— Work required —
In the material below, the lines to reproduce exactly are the one containing "Walter Louis Fluid Technologies" and all lines after it through the last.

— Entries shown —
#####

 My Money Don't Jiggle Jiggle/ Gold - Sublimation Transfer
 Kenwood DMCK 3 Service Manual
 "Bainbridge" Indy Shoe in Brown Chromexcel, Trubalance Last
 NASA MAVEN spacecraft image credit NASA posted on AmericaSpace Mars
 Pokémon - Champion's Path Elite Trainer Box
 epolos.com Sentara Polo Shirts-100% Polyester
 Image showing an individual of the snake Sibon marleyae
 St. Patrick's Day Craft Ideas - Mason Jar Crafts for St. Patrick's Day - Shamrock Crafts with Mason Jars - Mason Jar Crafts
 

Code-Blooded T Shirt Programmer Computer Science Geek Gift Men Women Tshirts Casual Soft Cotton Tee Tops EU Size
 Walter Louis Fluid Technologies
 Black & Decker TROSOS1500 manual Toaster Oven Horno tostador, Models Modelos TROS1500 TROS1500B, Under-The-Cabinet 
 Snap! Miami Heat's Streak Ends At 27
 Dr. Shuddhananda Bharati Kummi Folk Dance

#####

— Solution for this exercise —
 Walter Louis Fluid Technologies
 Black & Decker TROSOS1500 manual Toaster Oven Horno tostador, Models Modelos TROS1500 TROS1500B, Under-The-Cabinet 
 Snap! Miami Heat's Streak Ends At 27
 Dr. Shuddhananda Bharati Kummi Folk Dance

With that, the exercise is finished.